England’s football team are teetering on the brink of failing to qualify for next summer’s Euro 2008 championships. The consensus of opinion among the fourth estate is that this would be calamitous for English football and that head coach Steve McClaren has proved to be out of his depth, despite serving his apprenticeship under Sven-Goran Eriksson.

There has been much criticism of McClaren’s tactics and team selection and calls for his departure from some of the media and supporters have reached near-deafening proportions. But when you look at some of the players who grace the so-called greatest football league in the world – the much-lauded FA Premier League – it’s not difficult to see why the former Middlesbrough manager’s task is near impossible.

Wayne Rooney, Steven Gerrard and Frank Lampard are among the finest in the Premier League. But after those three, one starts to struggle to compile an England team that would match the finest Europe has to offer, let alone the rest of the world.

'Like a man told to climb Mount Everest with his legs tied together, McClaren's mission is impossible'


The richest league in the world, with billions of pounds flooding in through television revenue – and Setanta Sports and BT now tugging at the blanket coverage that was previously Sky’s – has attracted players from across the planet. Thirty years ago it was rare to find a player from outside the UK playing in the top flight of English football. Now that situation seems to have almost reversed itself.

Chelsea have the likes of Didier Drogba and Andriy Shevchenko; Arsenal have Cesc Fabregas and Aleksandr Hleb; Manchester United have Ronaldo, Anderson and Nani. All extremely talented players and there are dozens of other foreign players of varying degrees of talent in first teams throughout the Premier League. Now while this makes the league extremely attractive to supporters and, more importantly these days it seems, to television stations, it hardly makes the job of the England head coach any easier.

Ask Sir Alex Ferguson, Arsene Wenger, Avram Grant and Rafael Benitez to mould their team into a title challenging one without using players not from these shores and see, firstly, what their response would be and, secondly, where their respective teams would end up.

That’s the task that faces the unfortunate McClaren – nearly an impossible one. Much has been made of the exciting young players now making the breakthrough at Arsenal but, Theo Walcott apart, not many are English. Manchester United are also investing in youth but it’s Portuguese and Brazilian youngsters breaking through. The ‘big four’ clubs now dominating English football would be hard pushed to field 11 top-class English players between them.

If Russia win in Israel in November, then the calls for the head of McClaren will reach a crescendo. But, like a man told to climb Mount Everest with his legs tied together, his mission is impossible. As England slide down FIFA’s international rankings, they need only look over their shoulder at a country poised to overtake them.

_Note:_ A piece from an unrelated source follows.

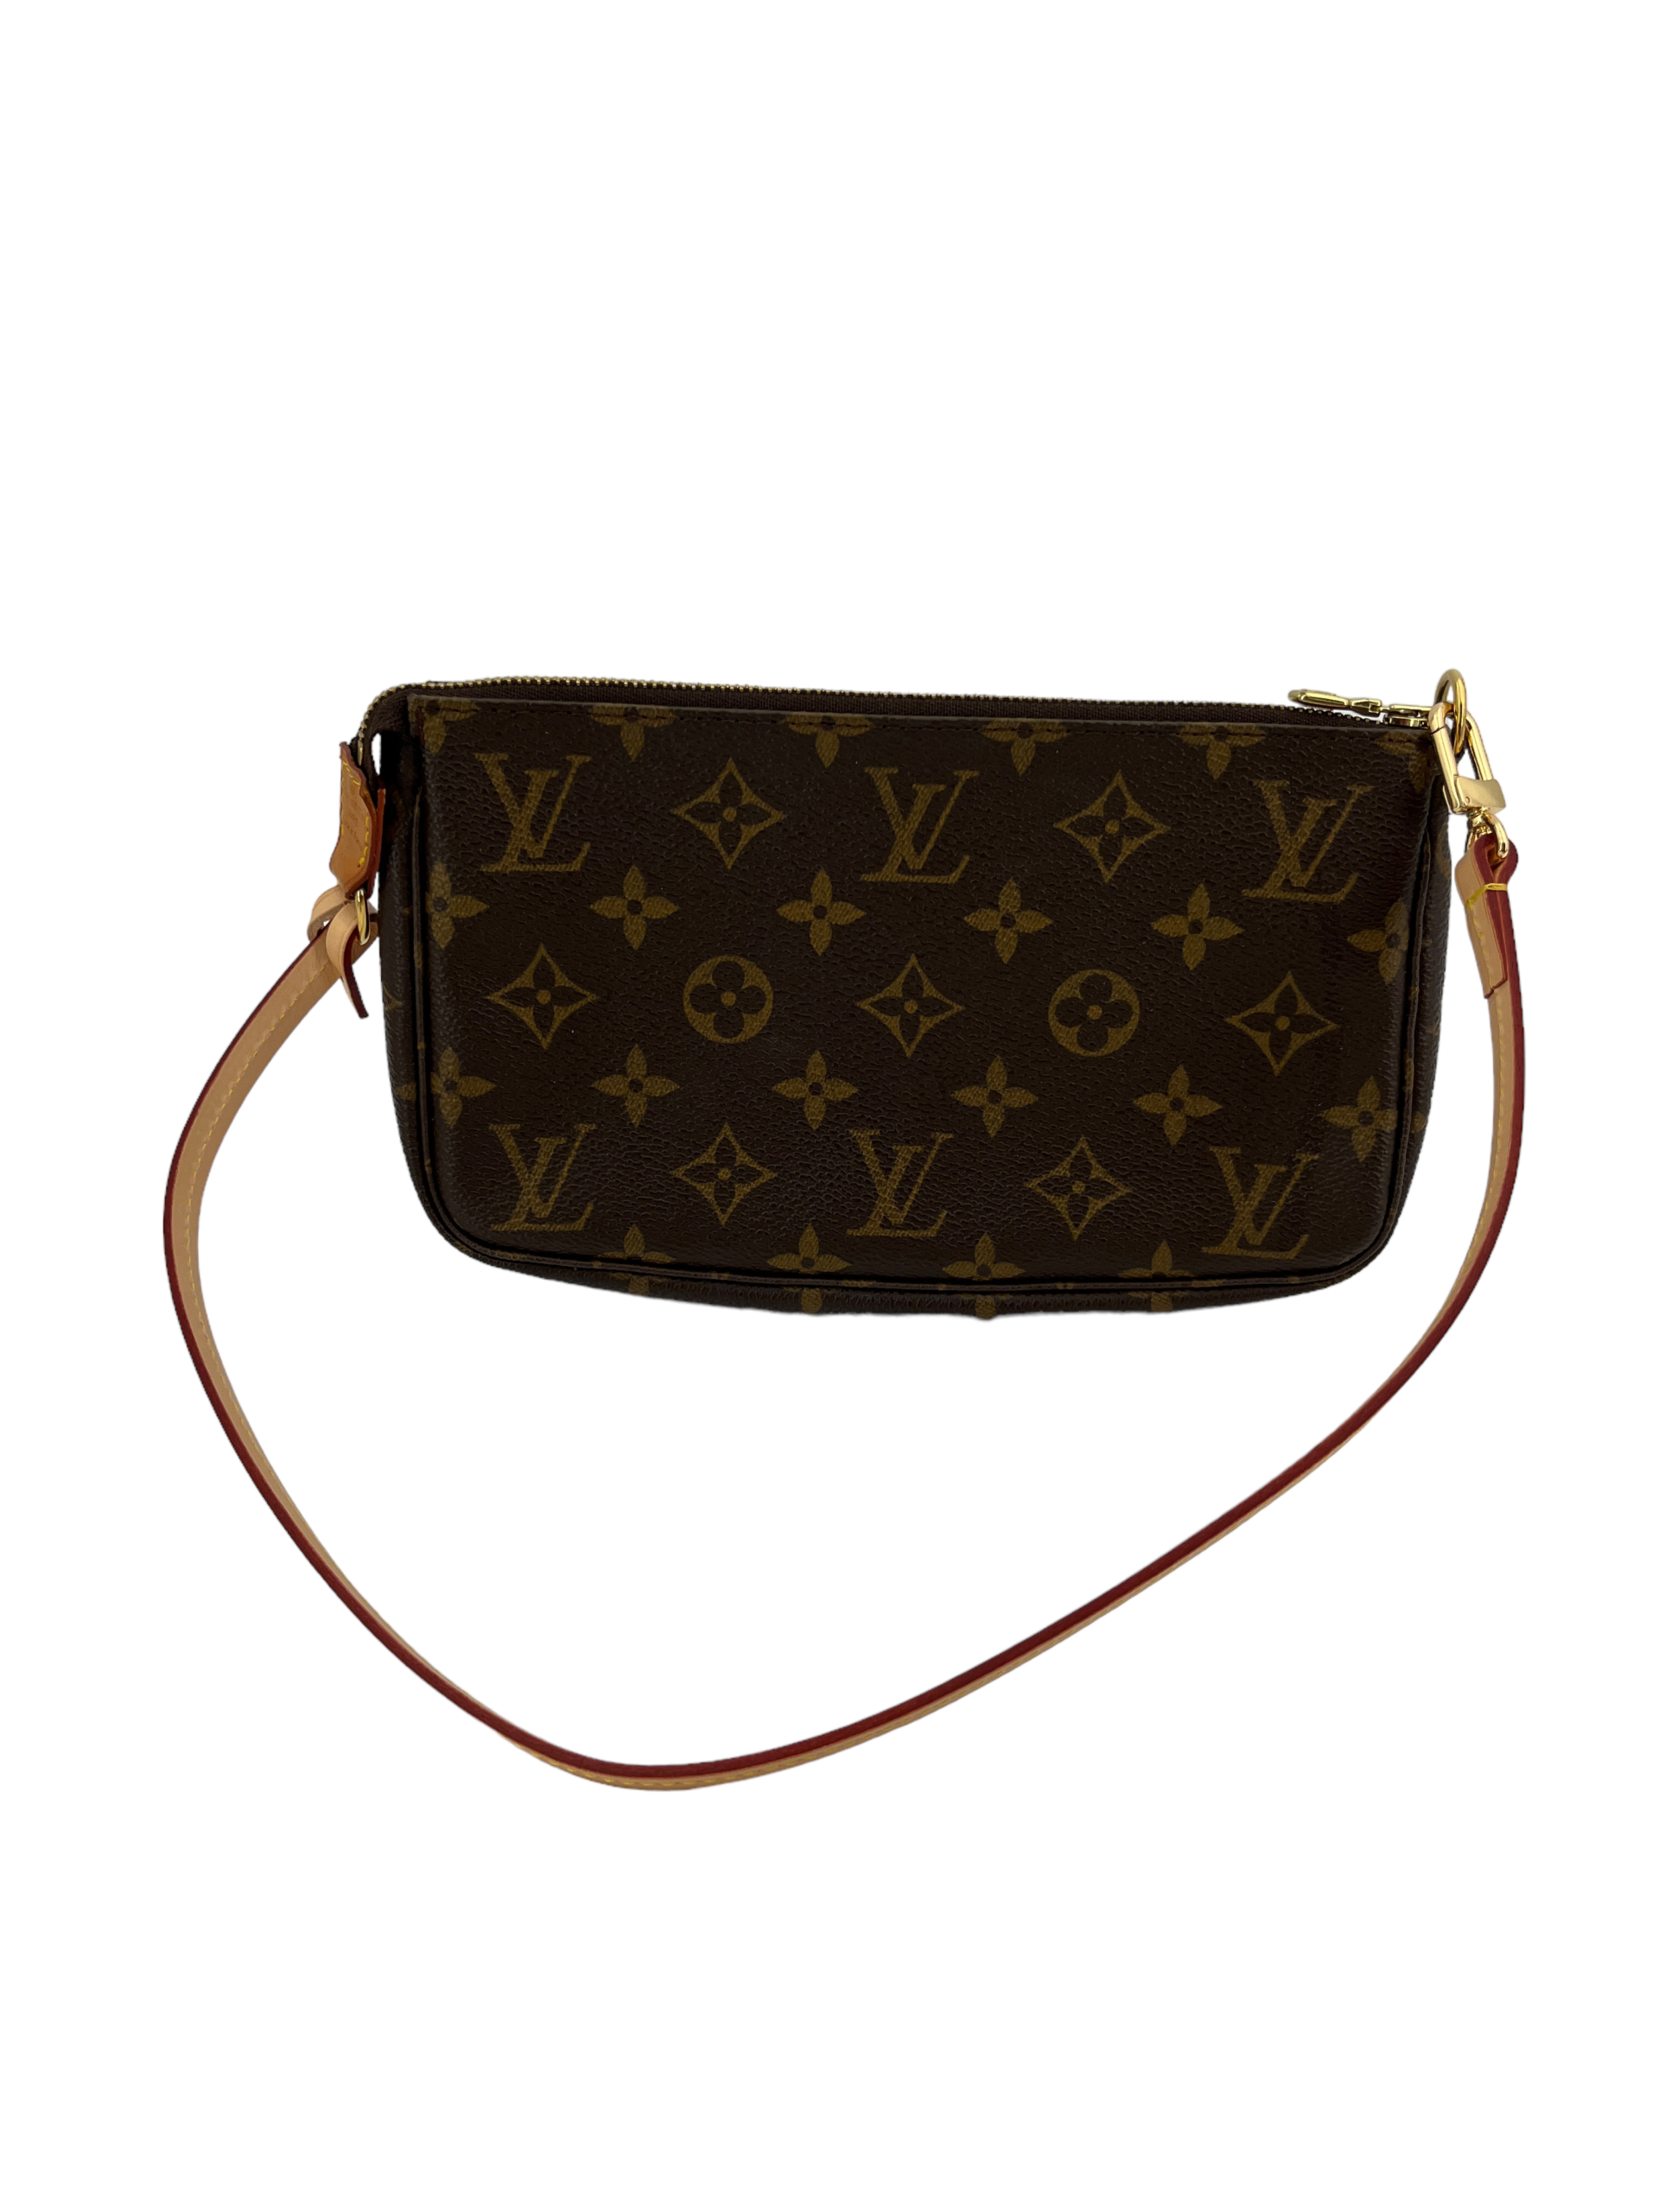 Louis Vuitton Multi Pochette Accessoires Shoulder Bag Black/Cream Leather  for sale online | eBay

For years, Scotland imported players from mainland Europe and further afield. Some were good, Henrik Larsson and Michael Laudrup for example, and some not so good. The Scots plunged down the rankings until they reached the stage where even the Faroe Islands were inflicting embarrassment.

The threat of financial calamity soon had the top clubs in Scotland realising that the future lay on their own doorstep and producing home-grown talent was the way ahead. Five years after scrambling to a 2-2 draw in the north Atlantic, Scotland are now inflicting defeat on France, the second-best team in the world, in their own back yard.

That's something the leading contenders for England’s flagship Premier League may care to reflect on.